Boxing promoter Don King
Boxing promoter Don King

Development plans have abounded for a jai alai fronton site just north of West Palm Beach since boxing promoter Don King gained control of it for $6.25 million in 1999. But implementation of an actual plan for the site continues to prove elusive.

Developer Michael McCloskey, CEO of FRI Investors in West Palm Beach, has been negotiating with Mangonia Park town officials to build a distribution center on the 53-acre property on 45th Street.

But King appeared to put the kibosh on that idea last week, telling the Palm Beach Post he won’t sell the property for that usage. Nine years ago, King signed a contract with McCloskey’s firm to develop the property, but that collapsed.
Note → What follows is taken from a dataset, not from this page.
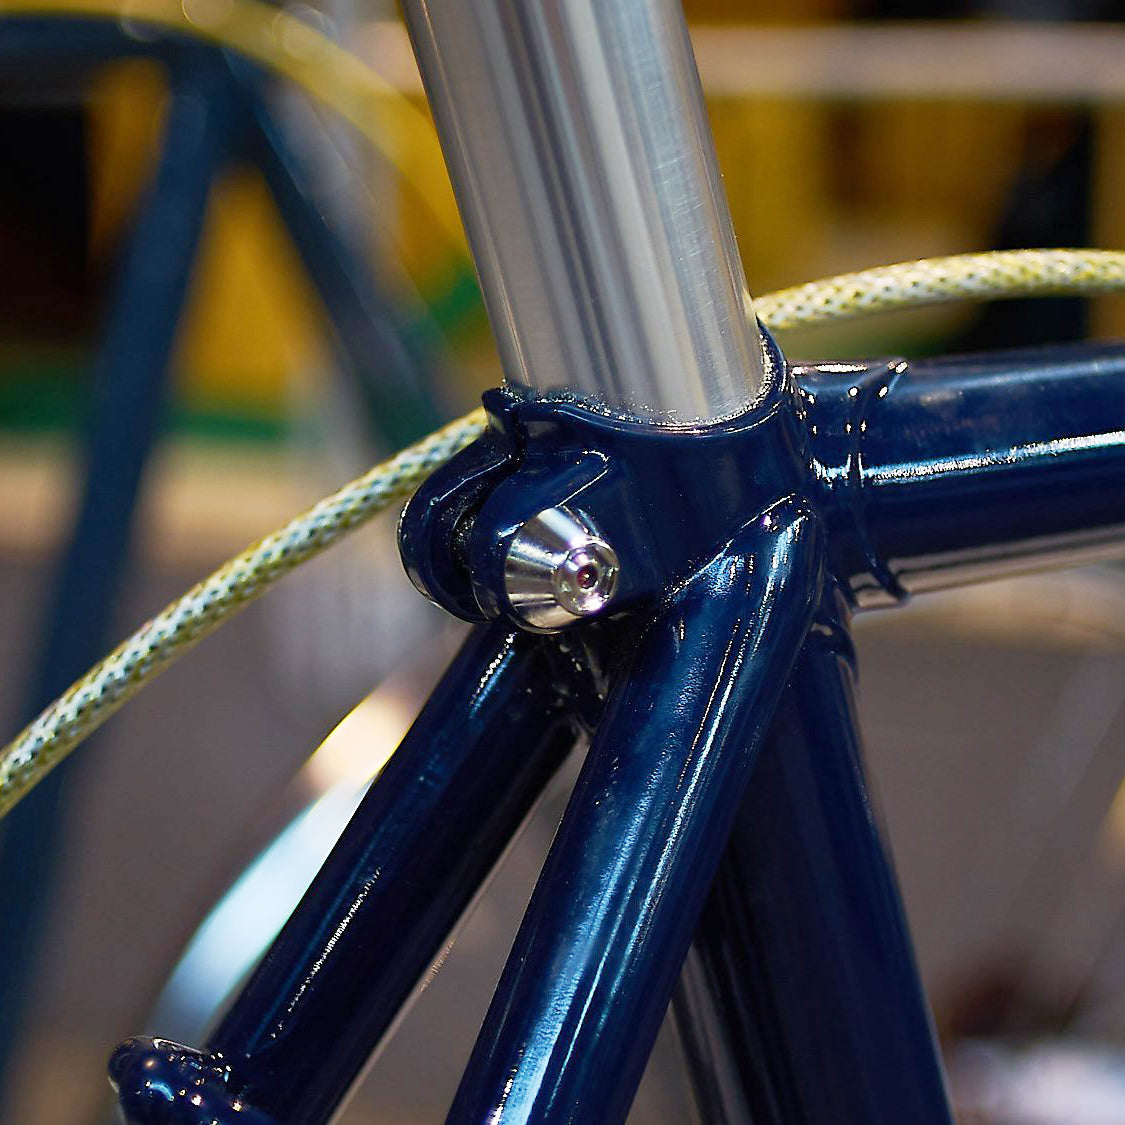 Handy Hexagonal Locks : bike locks

Last Thursday, King told the Mangonia Park Council that he’s poised to sign a contract for the site. Unknown investor Victor Palacios, chairman of Palacios International Enterprise Group in Palm Beach, said he intends to pay $100 million for the land to build “the first phase” of a “state of the art technical facility” that would create 1,500 jobs, the Post reported. Palacios’ partner, Owen Larkin, CEO of the Larkin Group, a project management firm in West Palm Beach, said a “technical school campus” would be the site’s “cornerstone.”

The property sits next to the Tri-Rail’s northern terminal and less than a mile from the new baseball complex being built for the Houston Astros and Washington Nationals.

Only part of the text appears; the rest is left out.